International reinsurance broker PWS Holdings has boosted its year-end pre-tax profits by ten per cent to £1.3 million, (up from £1.2m in September 1998).
Group chairman Lord Pearson of Rannoch said the stock exchange-quoted company was confident the progress would continue in 2000.
PWS plans to boost its global presence by opening further distribution channels this year, complementing its new offices in Mexico, the Philippines and Malaysia.
PWS's Malaysian operation, which opened during the Asian economic crisis two years ago, enjoyed income growth of 250% last year.
Peter Smith, group managing director, said PWS has continued to benefit from market consolidation which has reduced competitors.
Nearly all of its London-based and overseas divisions, including international property, treaty division, and professional risks, increased their revenue. The only exception was marine, where revenue remained flat.
Overall, PWS achieved a 17% increase in the underlying volume of its account and a 13.4% rise in its brokerage income.

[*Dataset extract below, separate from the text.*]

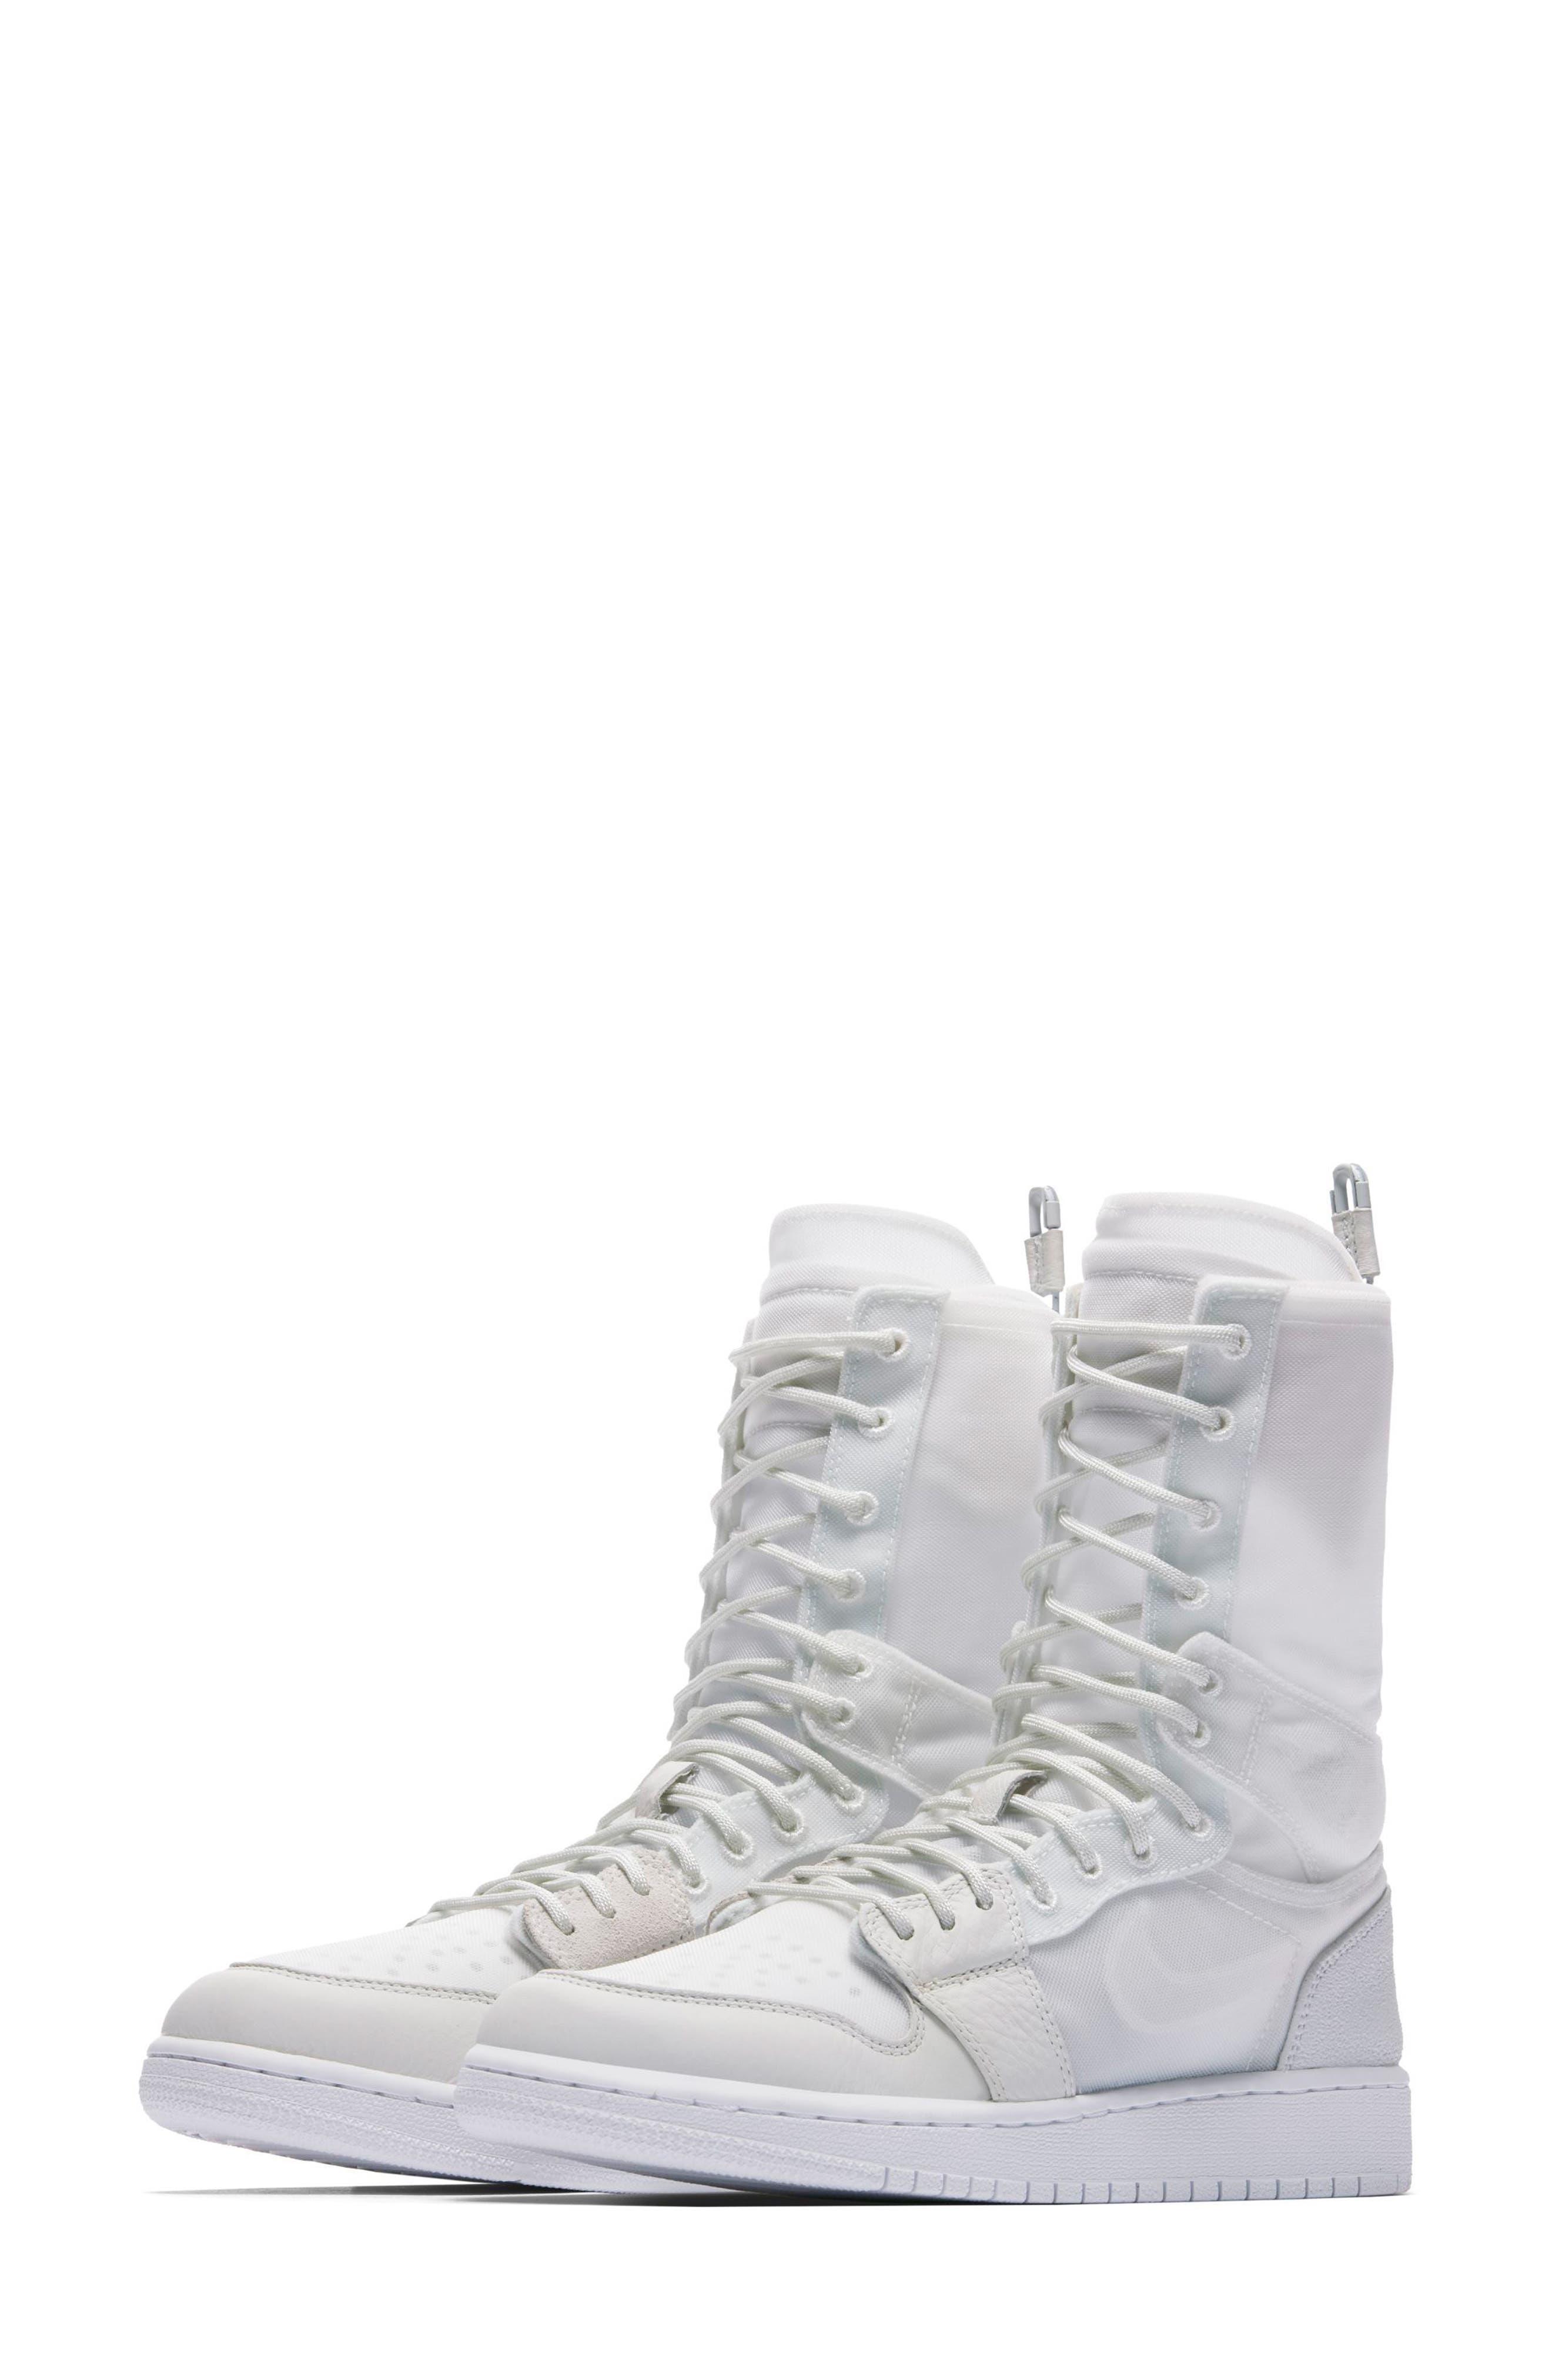 Air Jordan 1 Explorer XX Convertible High Top Sneaker,                             Main thumbnail 1, color,                             Off White/ Off White

Smith attributed PWS's success to meeting the reinsurance market's demand for a more aggressive and focused type of specialist broker, able to provide a high-quality service.
This was despite rates in the reinsurance market being kept low by a significant influx of capital in recent months.
The recent renewal season did nothing to convince Smith that rates are improving, except for some parts of the badly affected retrocession market.
He stressed: "We remain confident, however, that even if rates remain low, we can increase our business."
The board has proposed an increased net dividend of 0.85p per share for the full year.
Shares in PWS increased by 0.5p to 18.5p following publication of its results. However this was less than its recent peak of 19p in December 1999.